Mark Kelly and Gabbv Giffords aren't retreating on gun regulations.
When the Senate failed in April to reach the 60-vote threshold to pass a watered-down bill that would have required background checks on most buyers of firearms, advocates of stricter gun laws made clear they would not be retreating into the woodwork. Among them was former Rep. Gabby Giffords, who was severely injured in a mass shooting in Tucson in 2011. She
responded to the vote with an op-ed in the
New York Times:
Speaking is physically difficult for me. But my feelings are clear: I’m furious. I will not rest until we have righted the wrong these senators have done, and until we have changed our laws so we can look parents in the face and say: We are trying to keep your children safe. We cannot allow the status quo—desperately protected by the gun lobby so that they can make more money by spreading fear and misinformation—to go on.
Since then, via their organization
Americans for Responsible Solutions, Giffords and her husband, former astronaut Mark Kelly, have shown that she meant what she said. Next week, the two
will be on the road to seven states trying to persuade senators who voted against expanded background checks to change their minds. They'll be using polls showing strong majorities of Americans favor such checks as part of their arsenal.

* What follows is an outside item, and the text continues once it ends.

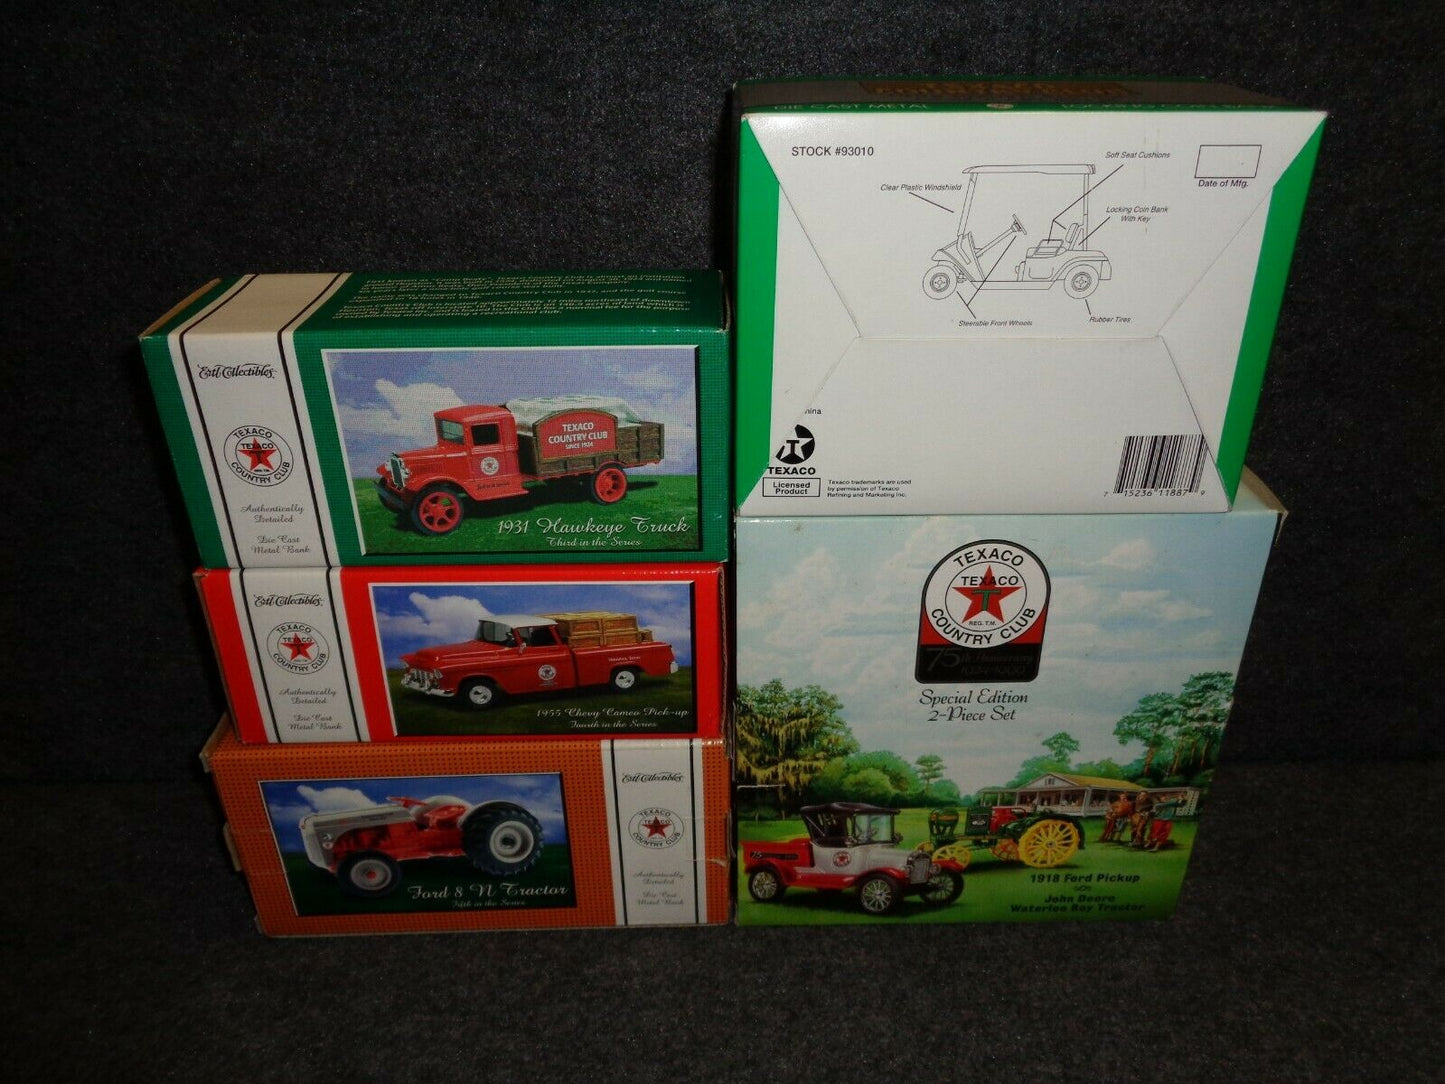 Texaco Country Club Series Set of 5 - 1918 Ford Runabout, Golf Cart, 1931 Hawkeye Stake, 1955 Chevy Cameo & Ford 8 N Tractor

The duo will start out in Nevada July 1 and subsequently visit Alaska, Maine, New Hampshire, North Carolina, North Dakota and Ohio. “Our intention is not to chastise people,” said Pia Carusone, Giffords’s longtime top aide, but rather to “draw attention to the leadership that’s needed on this issue.”
What five of those states have in common is a senator who voted against the compromise background check proposal put together by a small bipartisan group earlier this year and ultimately presented in the Senate by Democrat Joe Manchin III of West Virginia and Republican Pat Toomey of Pennsylvania. Giffords and Kelly will also visit North Carolina and Maine to thank Democrat Kay Hagan and Republican Susan Collins, respectively, for their yes votes on the background-check bill.
In Nevada, however, there's Republican Sen. Dean Heller, who won by a relatively narrow margin against his Democratic challenger in 2012. The state has a growing Latino electorate that is trending Democratic. As in every other state, support for expanded background checks in Nevada is very strong. Even in households where there is one or more member of the National Rifle Association, 69 percent favor background checks on all gun purchases.
Before the April vote, Heller was one of the senators thought to be nudgeable on background checks. New York City Mayor Michael Bloomberg's Mayors Against Illegal Guns pumped tens of thousands of dollars into an ad campaign urging Nevadans to call Heller to tell him he should approve the background-check law. He ultimately voted no, he said, because he agreed with critics who said the wording of the law would allow for the creation of a national gun registry that might in the future provide data for confiscation of firearms.
Advocates of more gun regulations, including Vice President Joe Biden, have hinted that another attempt at passing a background-check law could be made this year, perhaps as early as late summer. But so far there is no reworded proposal on the table. Presumably, when Giffords and Kelley make their visits next week, they won't just be talking but also listening for hints on what form a new background-check bill would have to take to pass muster with Heller and the four other senators who rejected the previous one.
Cynics might say that only a bill that is even more watered-down than Manchin-Toomey could be approved. But a bill that requires every gun purchase to be vetted by a federal firearms licensee, the way commercial purchases are handled now, could be promoted by pointing out its ultimate fairness to everybody. Such an approach would not require a new background-check system to be put into place as Manchin-Toomey would have done and couldn't be attacked the way that proposal was. It would just be an expansion of the existing system with no gun registry.